» **Data**

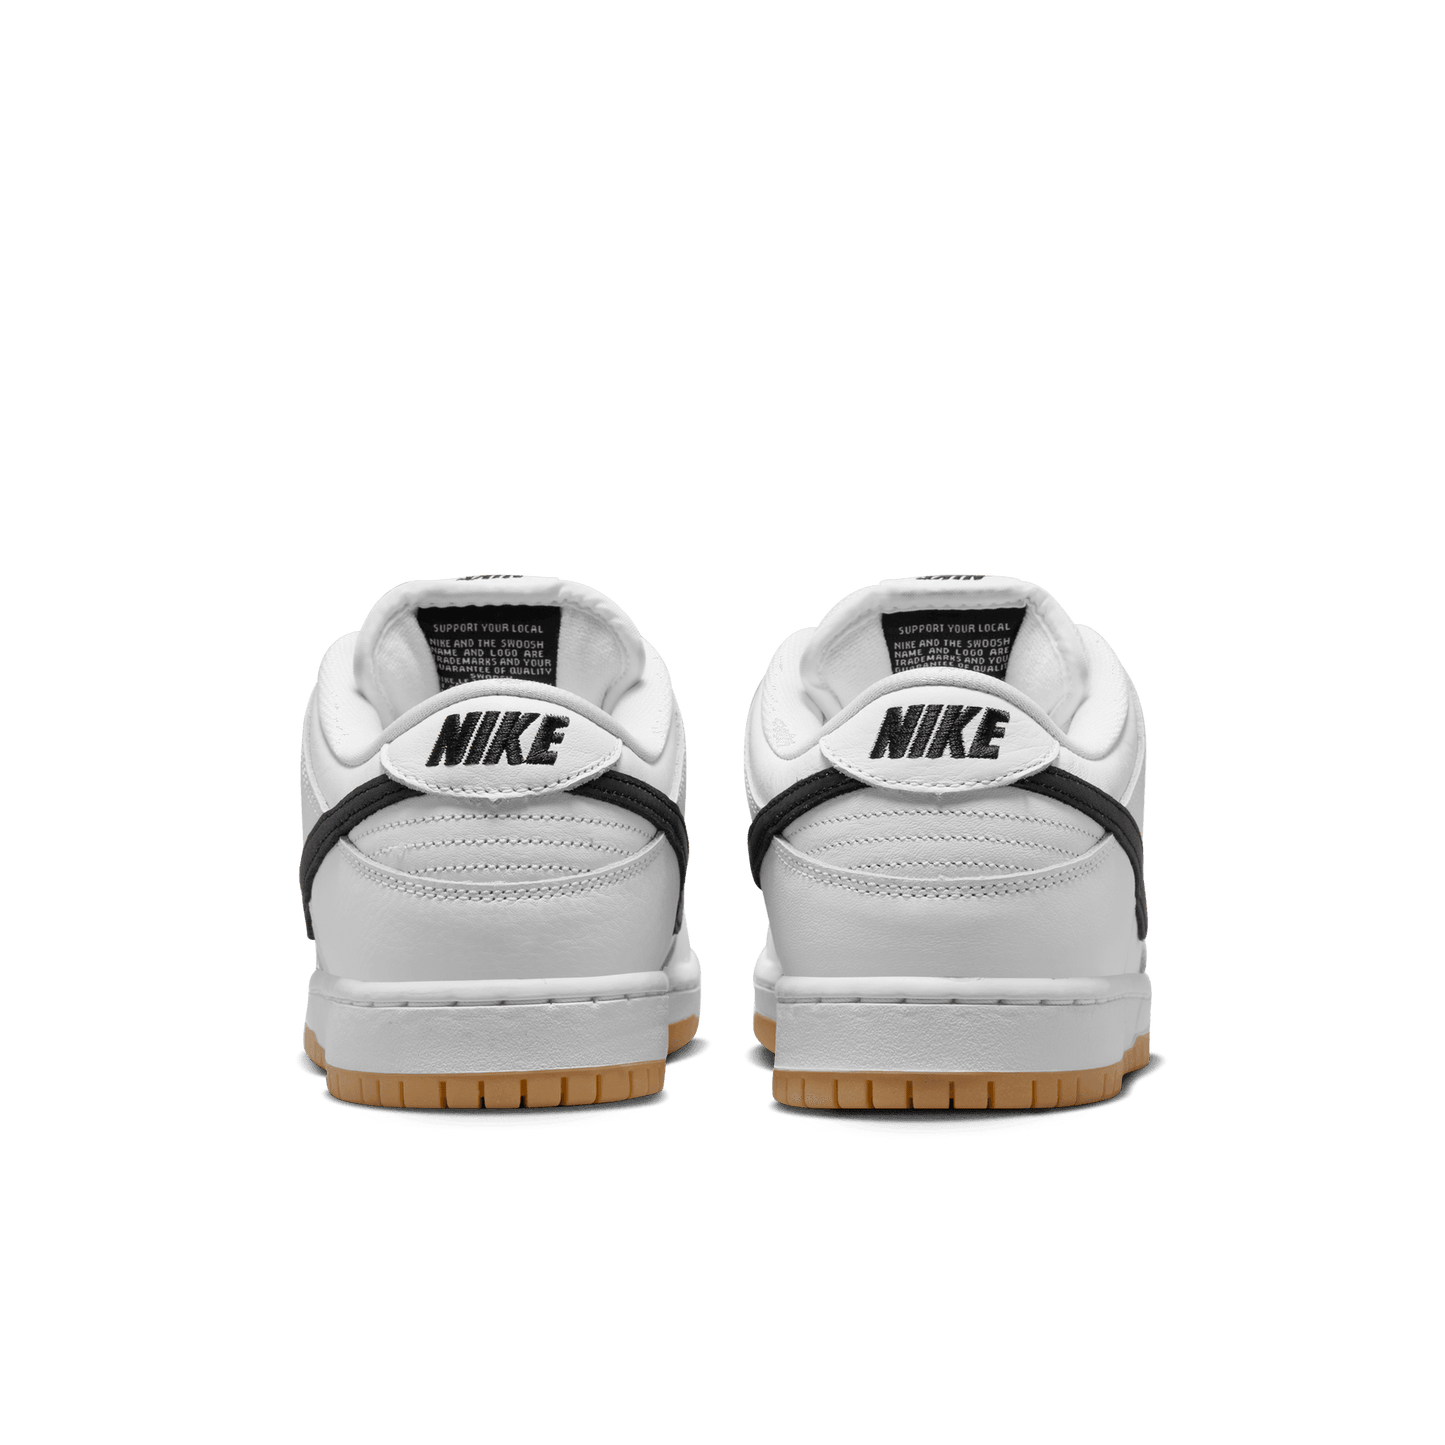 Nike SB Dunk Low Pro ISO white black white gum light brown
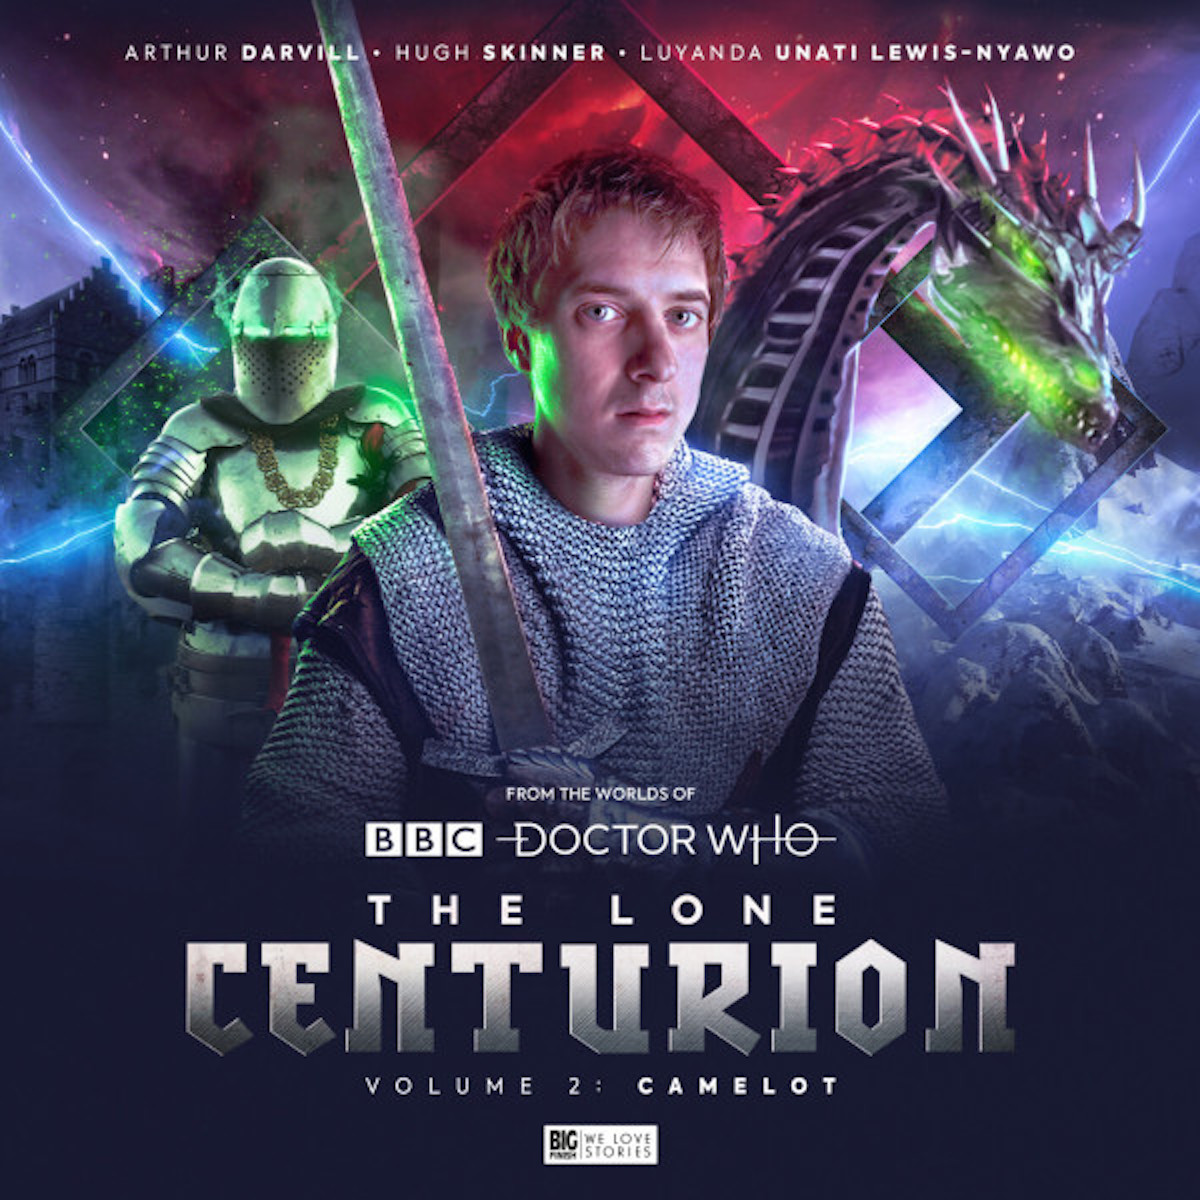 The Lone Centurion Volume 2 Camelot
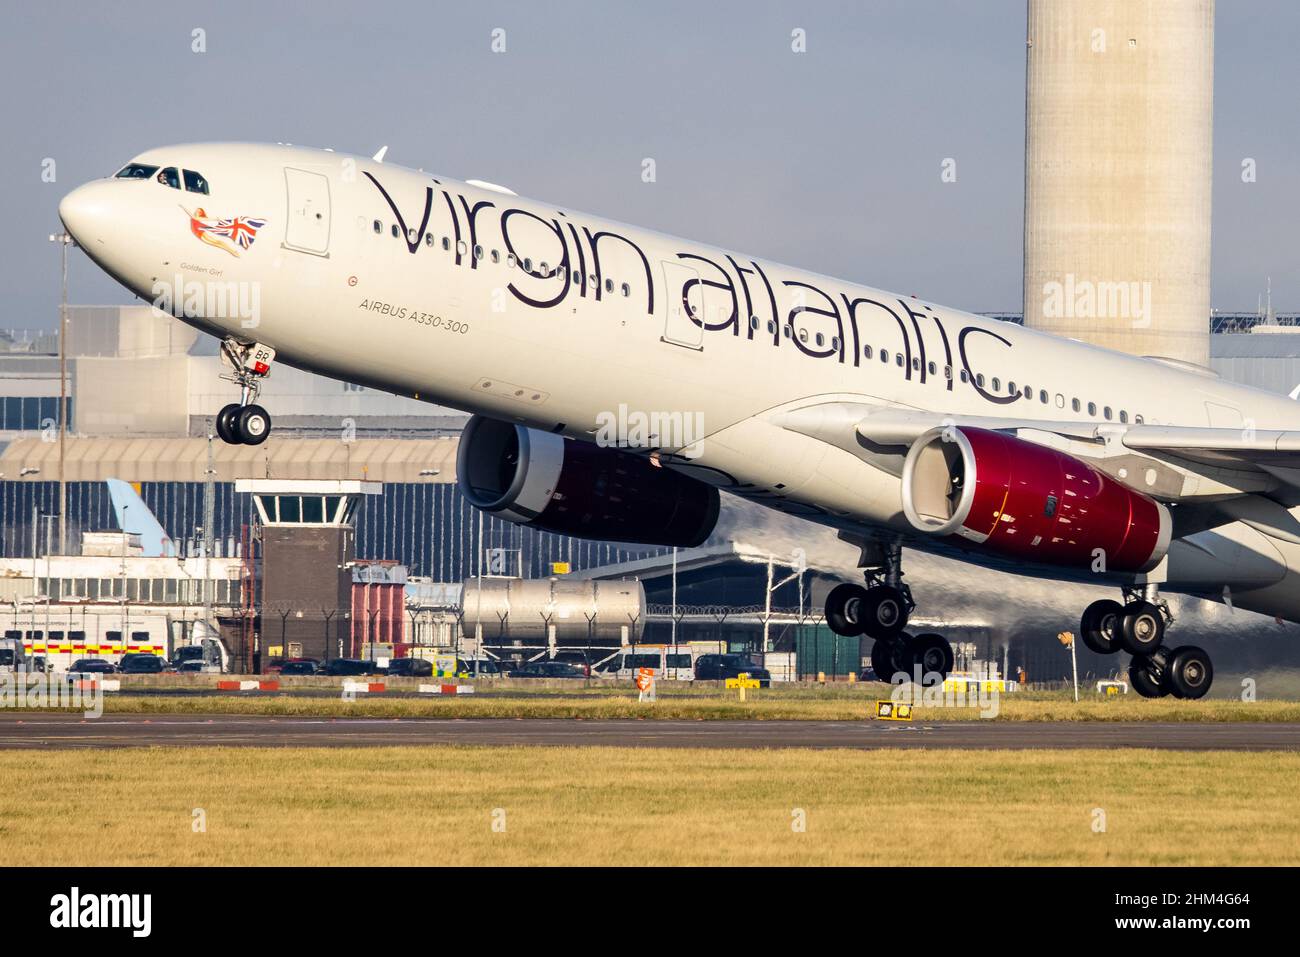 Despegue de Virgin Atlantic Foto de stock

» **To do**
Produce a verbatim copy of the listing, leaving out all pictures.

» **Finished exercise**
 Nike SB Dunk Low Pro ISO white black white gum light brown
 The Lone Centurion Volume 2 Camelot
 Despegue de Virgin Atlantic Foto de stock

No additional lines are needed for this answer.